Sims gave advice to prospective candidates when he appeared on the Cowtown Caller podcast earlier this month, identifying some of the areas candidates should focus on if they want to defy the political odds.

First, stick to the facts. Sims does not object to vigorously going after your opponent’s record, but he believes there is a right way to do it.

“Don’t ever attack your opponent just to attack them,” said Sims. “If you’re going to say something about your opponent, make sure it’s facts and don’t make up something or assume something.”

“Research is paramount to anything you do, especially in politics. There are so many resources where you can track a candidate down. You follow their money, their connections. You can see who they are tied to. You see what they voted for in the past,” he said. “That’s what you run on. You run on the pure facts.”

Sims said that challengers must “remain laser-focused on what [they are] doing,” advising that candidates ignore the accusations and name-calling.

“It really takes a dedicated, strong person to be in politics –– especially a candidate –– and especially a race like Shelley’s,” he said.

According to Sims, having a ground game is critical.

“We knocked [on] hundreds of doors. We went to, I don’t know how many events.

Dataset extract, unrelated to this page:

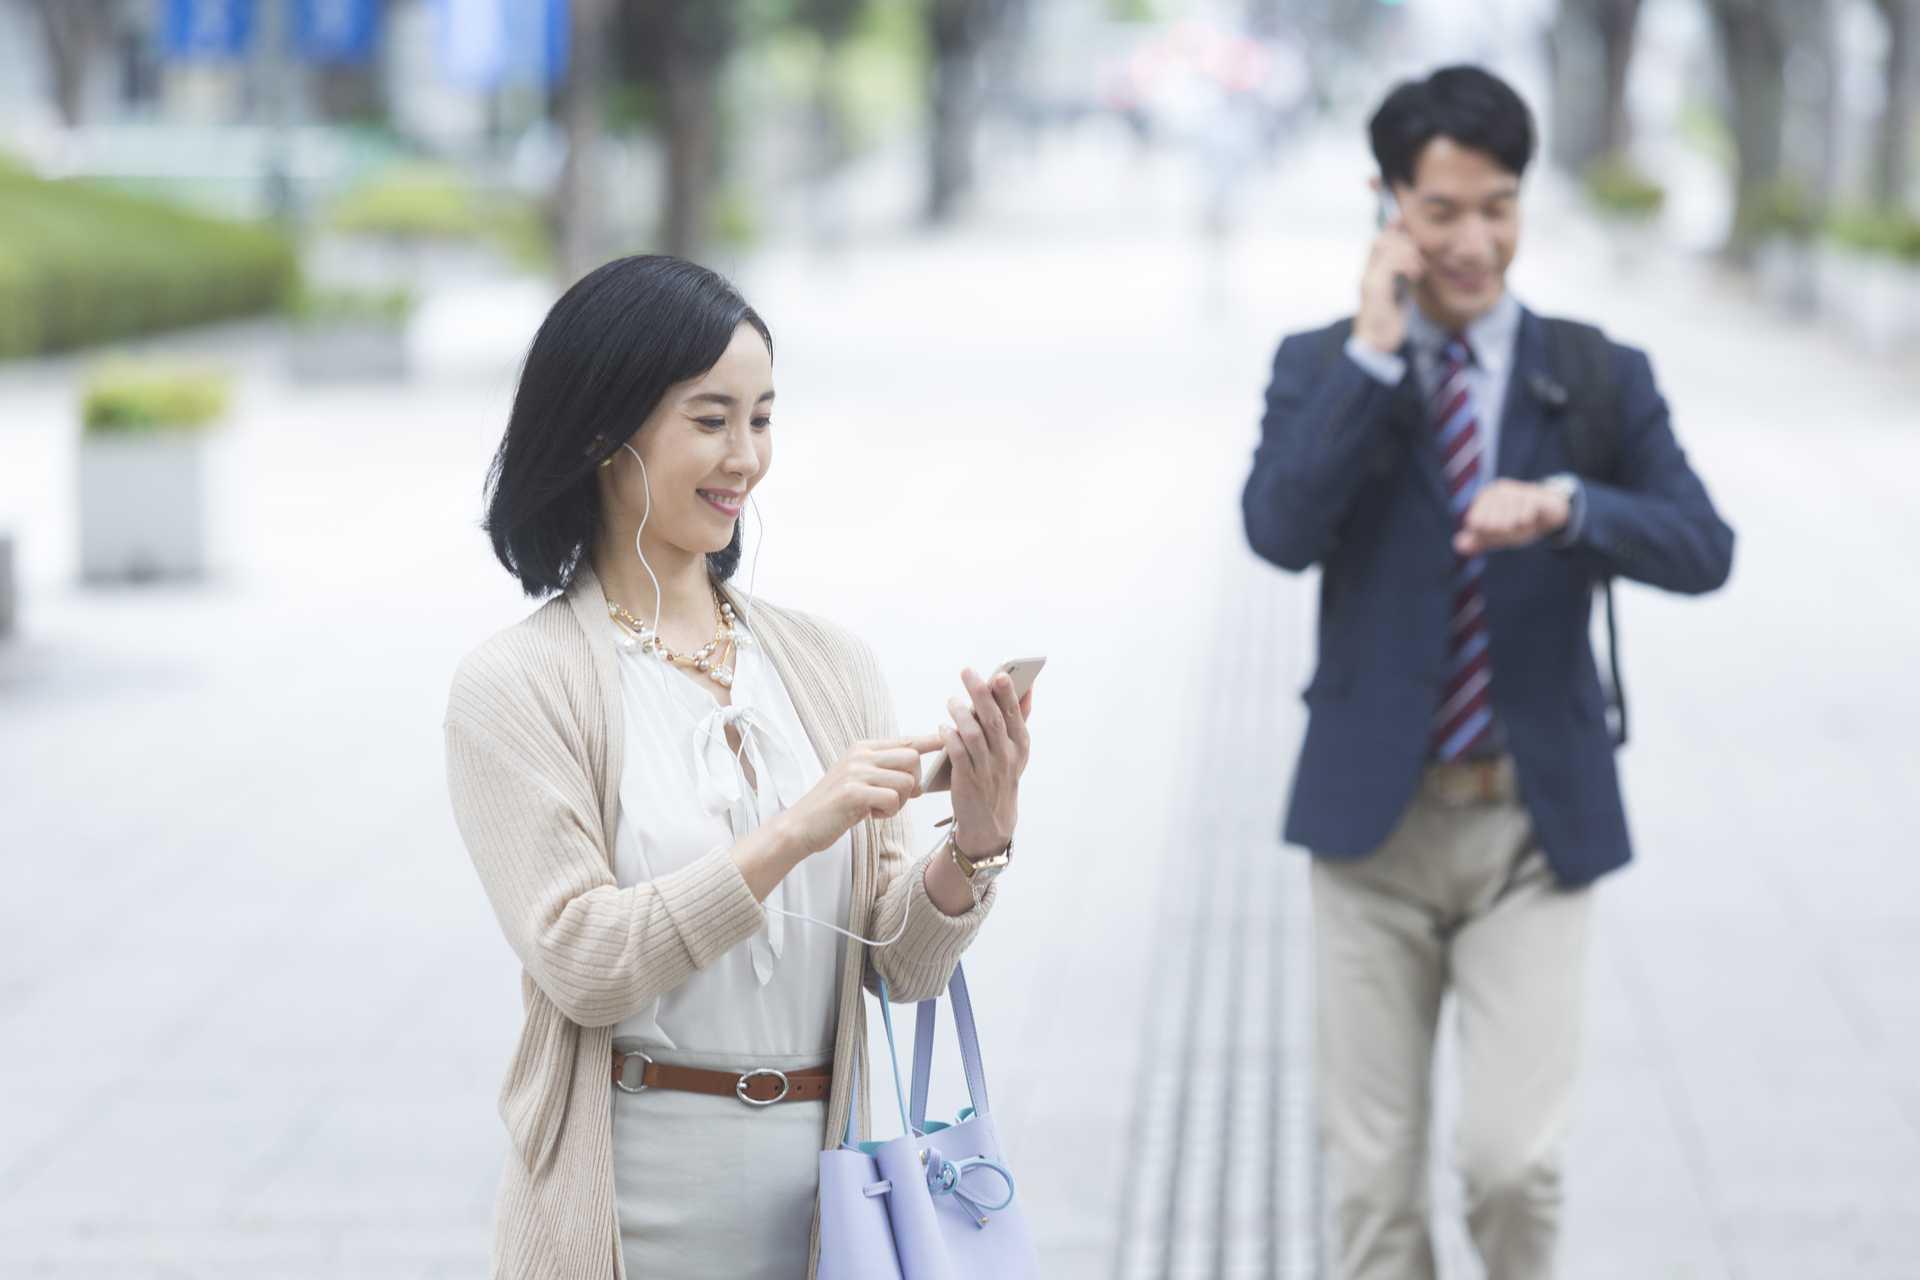 歩きながらのほうが、英会話のリスニングがよく聞き取れる。 | 脳を刺激する30の歩き方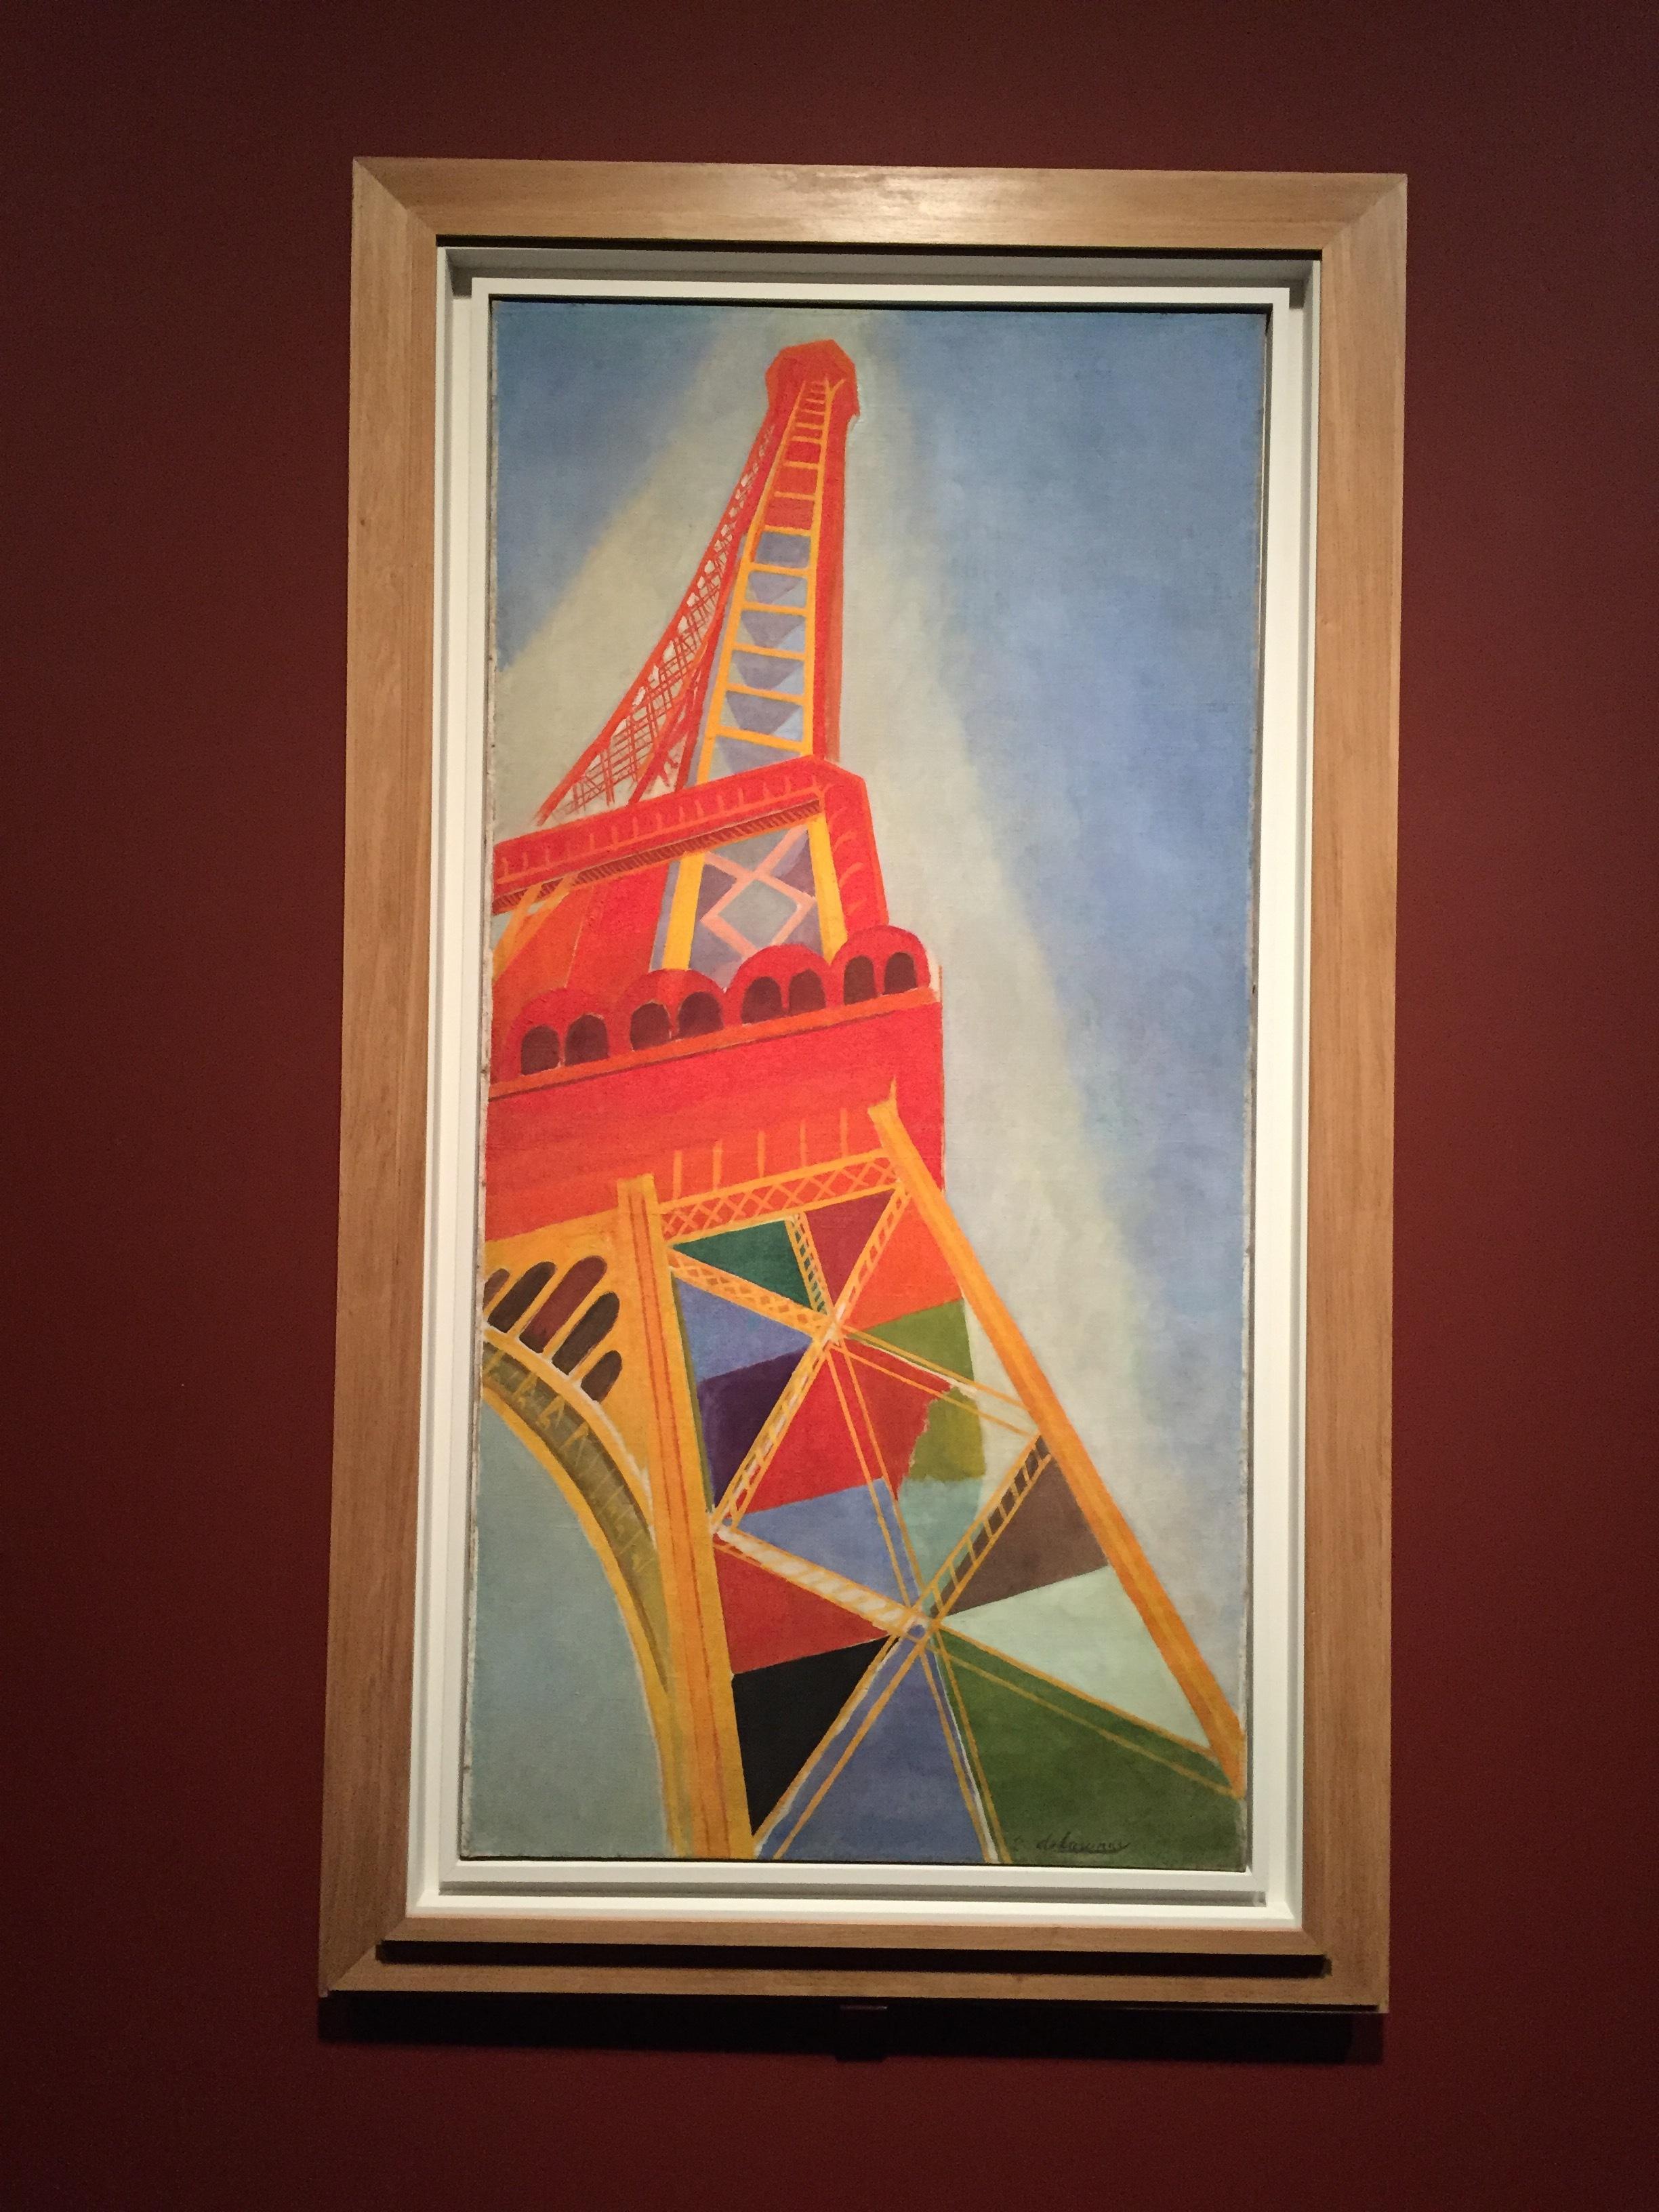 ロベール・ドローネー《エッフェル塔》1926年 ⓒgirls Artalk

We were visible all the time,” he said. “We were somewhere every night for about three months. … You have to look voters in the face, and you have to answer every question they want you to answer with honest answers.”

“If you don’t know the answer, you tell them you don’t know the answer,” he stressed.

When asked if it is money that decides elections, Sims acknowledged that while money oftentimes does decide elections, that does not have to always be the case.

“Reggie spent over $900,000. We spent a little over $300,000. So money doesn’t always win,” Sims noted before reiterating what he believed were the fundamentals of campaigning against an incumbent.

Sims said he and Luther were “very proud of that race, very proud how we ran it, and we have no regrets on the strategy that we used to do that.”

Luther will face Democratic nominee Tiffany Drake in the November general election. District 62 generally favors Republicans, with Smith defeating the Democratic nominees by over 50 percentage points in the last two general elections.